Buongiorno e grazie della tua disponibilità! Direttrice creativa e fondatrice di Gretel Z. ma anche terapista bioenergetica [clicca qui https://instagram.com/gretelzanotti?igshid=MzRlODBiNWFlZA==, https://www.gretelz.com/], vorrei chiederti subito qual è il motore interiore – quel qualcosa e chissà se anche quel qualcuno – che ti ha portata a intraprendere tale tuo meraviglioso e sfaccettato percorso professionale. “Ciao Giulia! Fin da quando ero piccola, ho sempre sentito la necessità di dover esprimere la mia creatività e la mia fantasia attraverso ad esempio la pittura, la scultura, il disegno e vari bozzetti di vestiti. Penso però che ciò sia comunque solo per una minima percentuale importante per quello che riguarda il percorso professionale che ho intrapreso perché, in esso, ci vuole soprattutto una grandissima determinazione… forse ci vuole appunto più determinazione che creatività in quanto la prima, in questo nostro mondo, è fondamentale. Sicuramente una parte importantissima nella mia vita l’ha la mia famiglia, che mi aiuta tutti i giorni – sarò scontata, la mia sarà una risposta prettamente italiana [N.d.R. ride], ma la mia forza è proprio e davvero la mia famiglia”.

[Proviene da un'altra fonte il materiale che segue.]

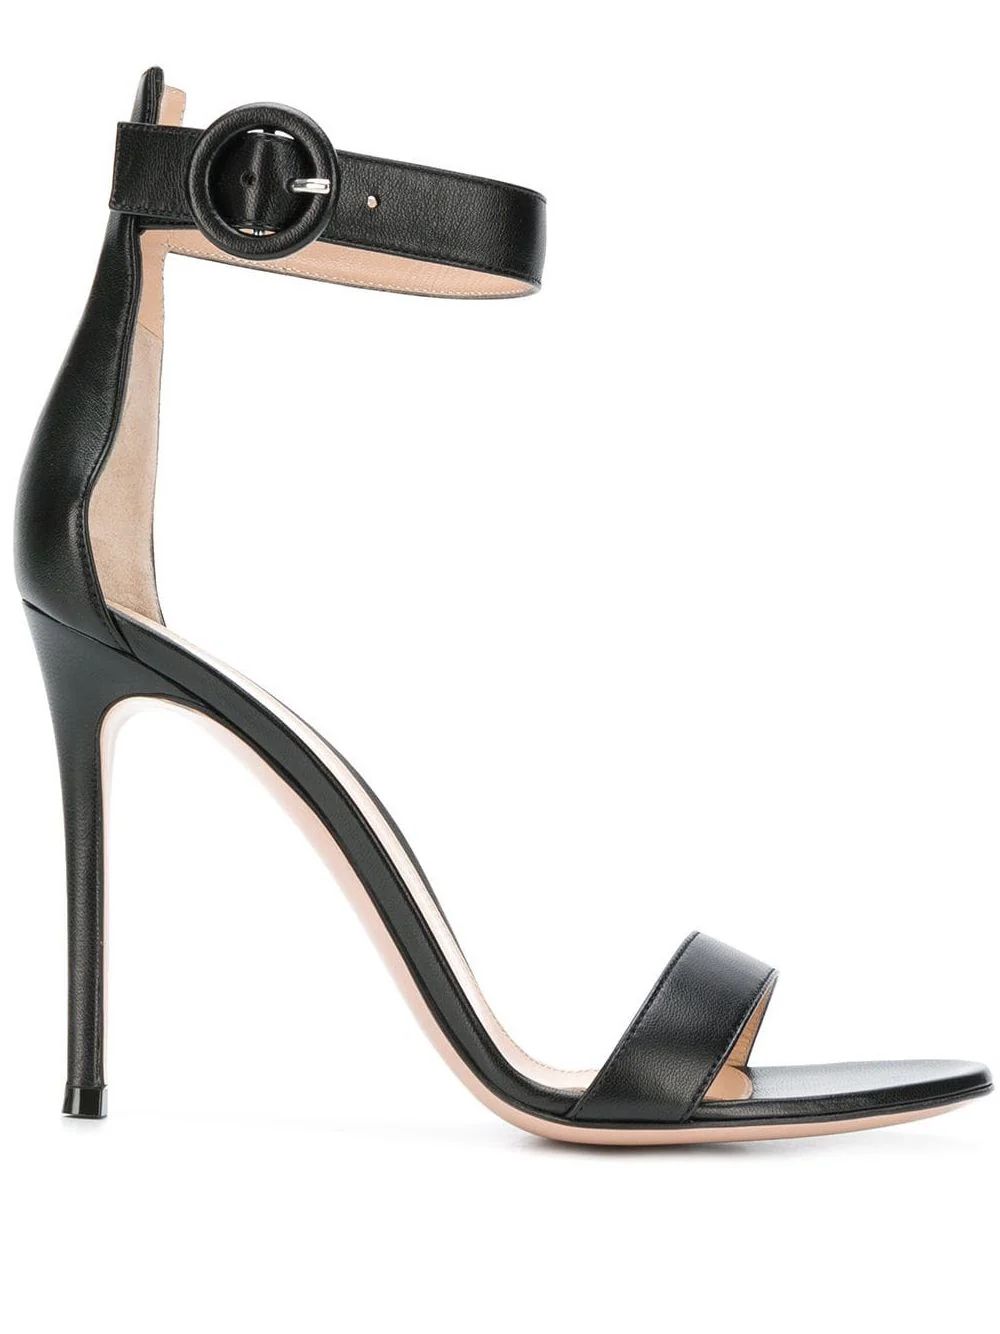 Gianvito RossiPortofino 105mm leather sandals$757 | Farfetch Global

Durante la tua infanzia e poi in adolescenza, a che cosa immaginavi (forse) di dedicarti una volta divenuta adulta e bambina sei stata? Come descriveresti invece attualmente la tua personalità, nonché quale colore vi assoceresti metaforicamente? “Ricordo che, da piccolina, avevo una grande passione e un grande talento – sebbene, detta così, suoni un po’ brutto [N.d.R. ride nuovamente] – per le posizioni di comando… ai tempi esercitavo tale mia detta attitudine nei confronti dei miei fratelli e, non per nulla, volevo fare la maestra. Mi appassionavano tutti quei lavori che permettono di trasferire conoscenza a qualcuno. Poi però mi sono resa conto che non mi piace studiare e allora ho abbandonato l’idea di diventare un’insegnante (per fortuna dei ragazzi che, così, mi hanno evitata) e, dato che invece disegnare mi piace da sempre, ho deciso di essere una creativa. Devo dire inoltre che da bambina stavo tantissimo in compagnia dei miei pensieri, non avevo tanti amici… per me, c’era un grande mondo al di fuori di quello reale ovvero era quello della mia mente e del mio inconscio. Ad oggi, in tutta sincerità, poco è cambiato rispetto ad anni fa. Sono rimasta molto fedele a quella che ero durante la mia infanzia… anche se certamente sono più consapevole e matura e oggigiorno so utilizzare al meglio i miei talenti. Il coloro che penso di poter associare alla mia personalità è il bianco poiché, proprio i vari colori, li rappresenta tutti”.  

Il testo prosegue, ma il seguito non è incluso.